A few months later The Age also commented – “But nothing can shake Streeton’s position in Australian art. He established an ideal of beauty hitherto unthought of in his country. At his best he is an impressionist in the truest sense of the word: a realist, with an intense receptiveness for the beauty of his surroundings, and on this account Australia will ever owe him a debt of gratitude.”

Maybe these messages were received in England for in the following year Arthur, Nora and their son Charles returned to Australia and purchased five acres (two hectares) of land at Olinda in the Dandenongs on which they built a house designed by Arthur in 1924. They named the property Longacres.

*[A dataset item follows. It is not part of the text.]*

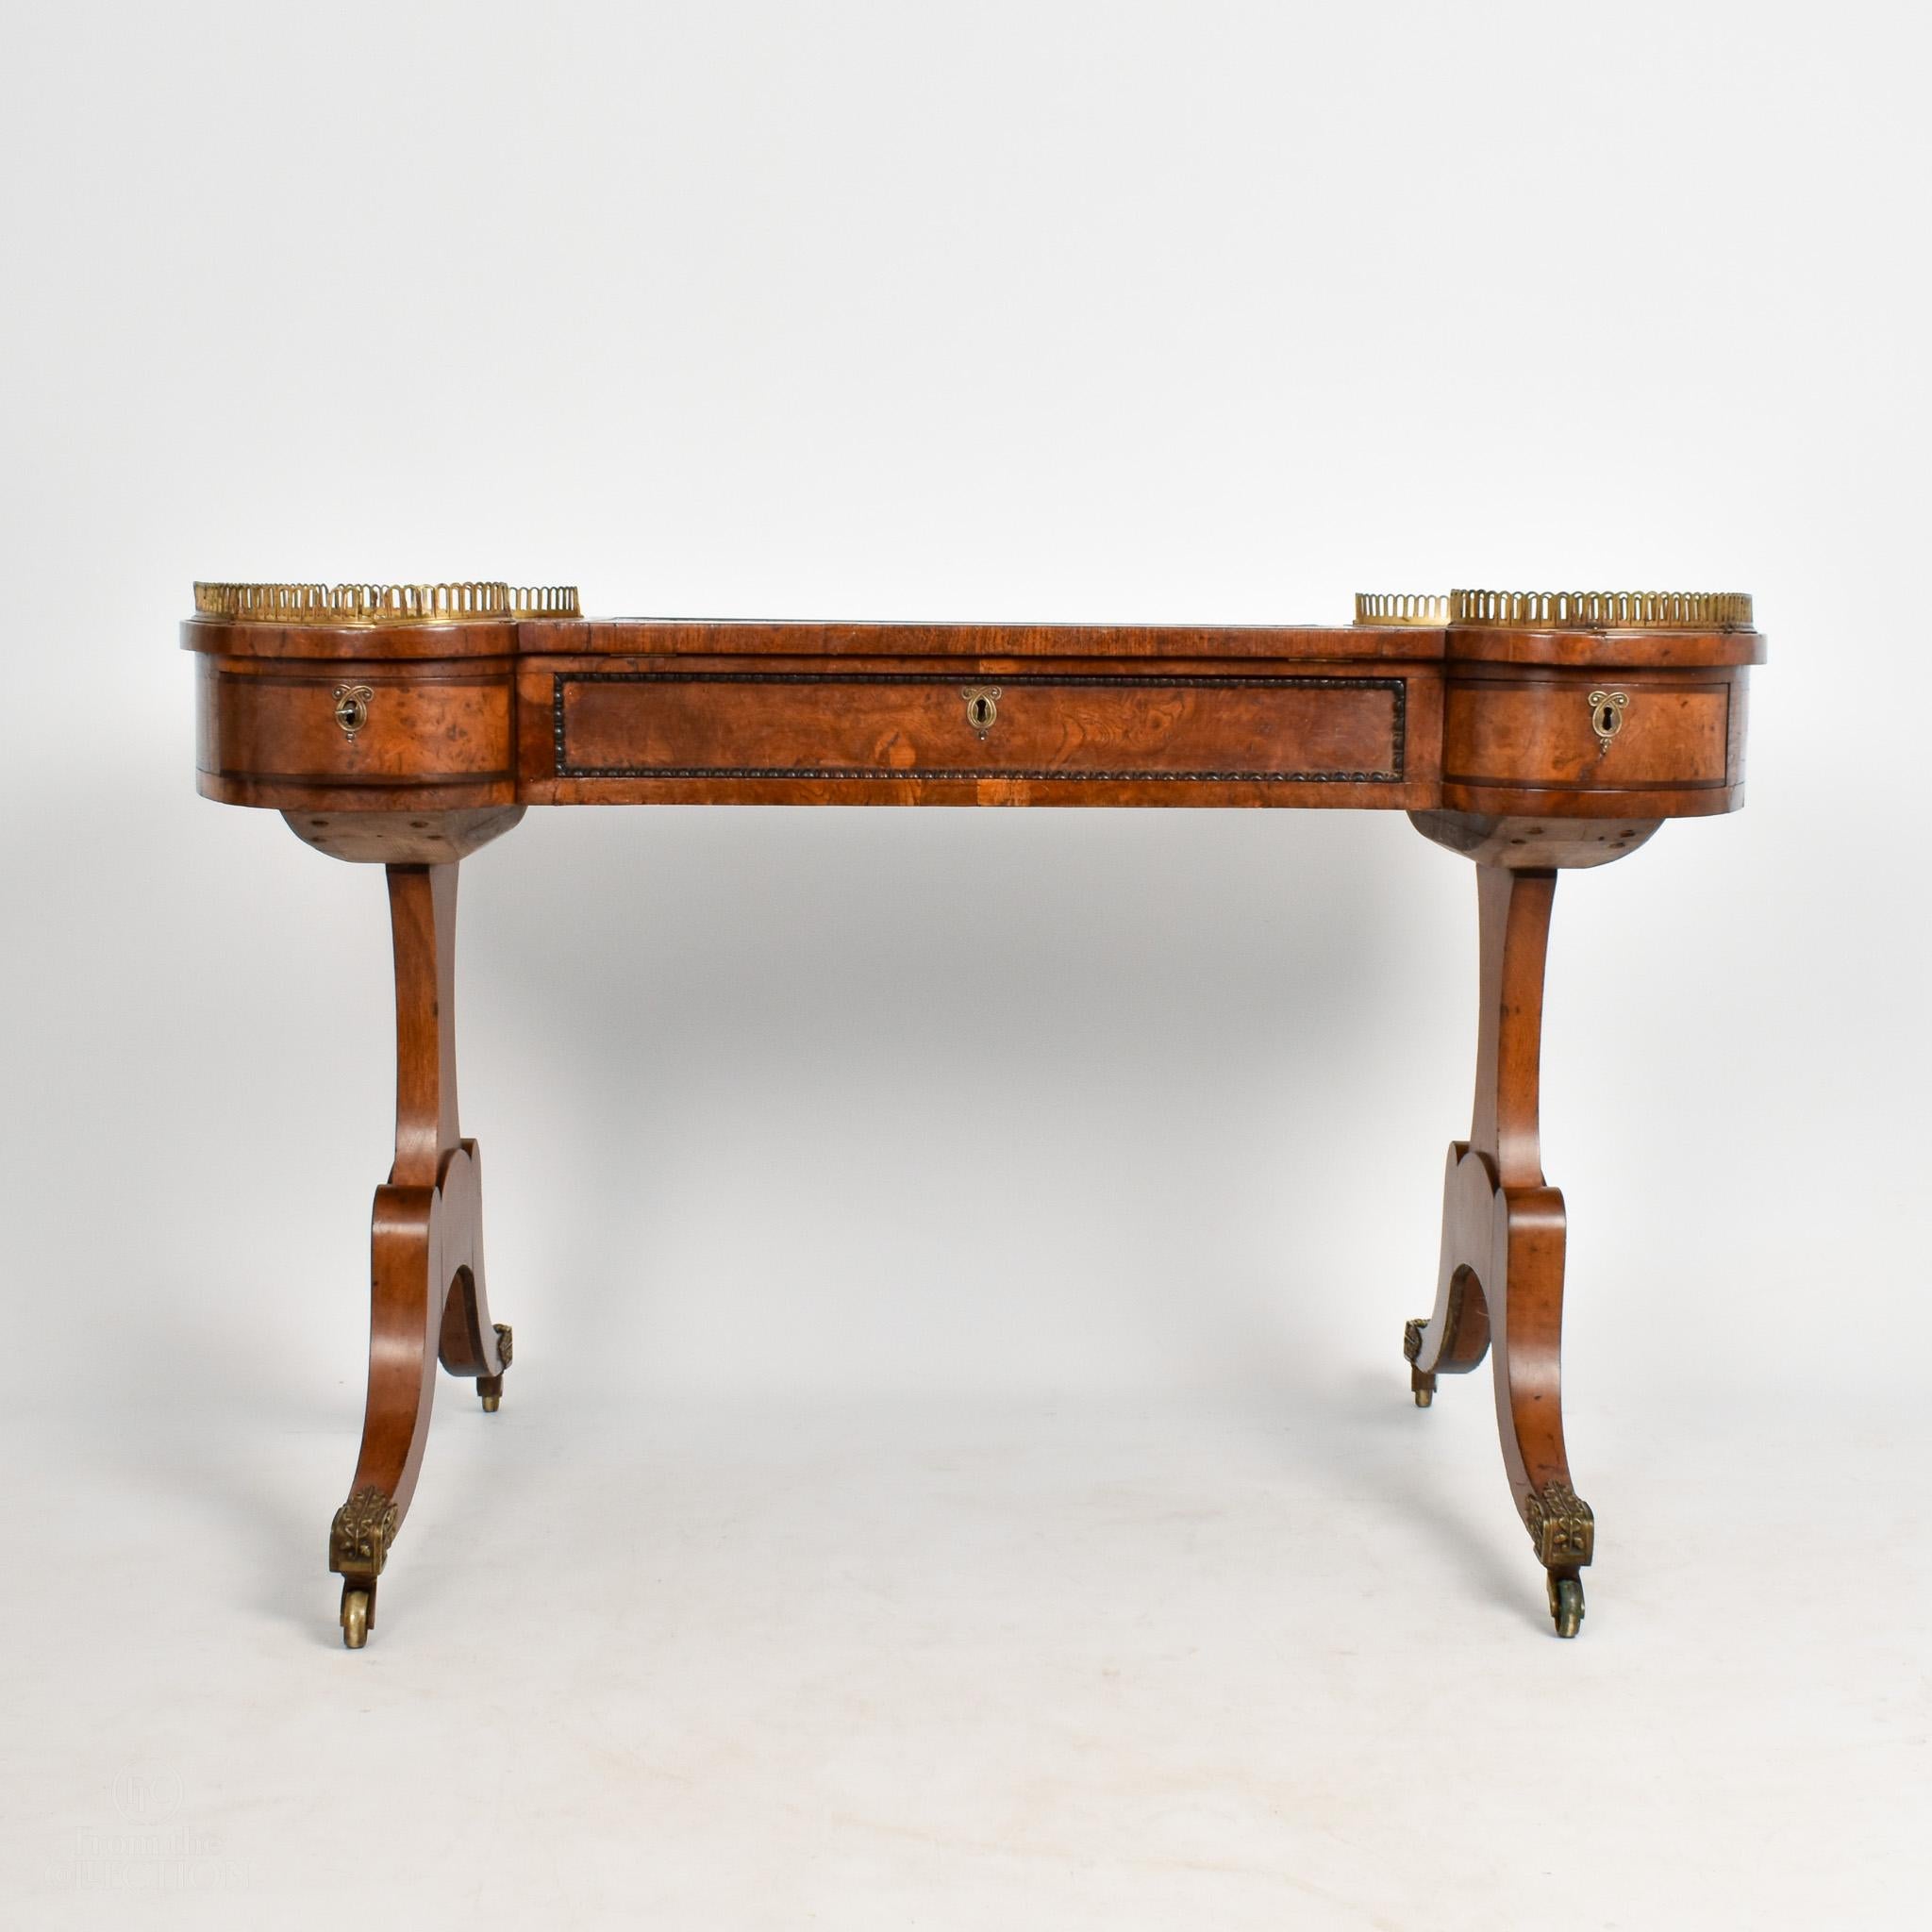 This unusual regency burr oak writing desk is of exceptionally fine quality. The skiver raises towards you for ease of use. The piece is extremely rare due to the burr oak and in great condition. It really is a one off. Burr Oak is rare on a piece

When the government decided that a war memorial would be appropriate for Melbourne, in 1922 a competition was arranged which attracted 83 designs.

Arthur prepared a drawing of his suggestion which comprised a 200 feet high stone shaft which could be seen from around Melbourne. He was not successful but the winning entry, a Shrine of Remembrance designed by two returned-soldier architects was constructed over a seven-year construction period and opened in 1934 by the Duke of Gloucester, son of King George V.

In 1927 the Streetons moved back into Melbourne acquiring a house in Grange Road, Toorak whilst retaining their property at Olinda.

Arthur continued painting and in 1928 won the prestigious Wynne Prize of the Art Gallery of NSW with his work Afternoon Light, Goulburn Valley. He also was engaged by The Argus newspaper in Melbourne as the paper’s art critic.

Arthur arranged exhibitions of his works both in Australia and abroad – in 1923 he had an exhibition in New York. His financial situation improved markedly with the popularity of his work and he became recognised as a significant Australian artist.

Prior to an exhibition in Brisbane in 1931 the local Brisbane Courier commented “No one before him had translated to canvas the peculiar blue tint of our skies, and none excelled in suggesting the effect of distance. Through Streeton Australians discovered their country, suddenly, as if by revelation. There is no retiring age among artists. Streeton is now 64, and is as active and vigorous as a man of 50. He is writing as well as painting, being the art critic on the Melbourne Argus.“

In 1937 Arthur was knighted for services to the arts. Norah, Lady Streeton, died in the following year, after which Arthur took up permanent residence at Longacres at Olinda.

Sir Arthur Streeton died in September 1943 and was buried at the Ferntree Gully Cemetery.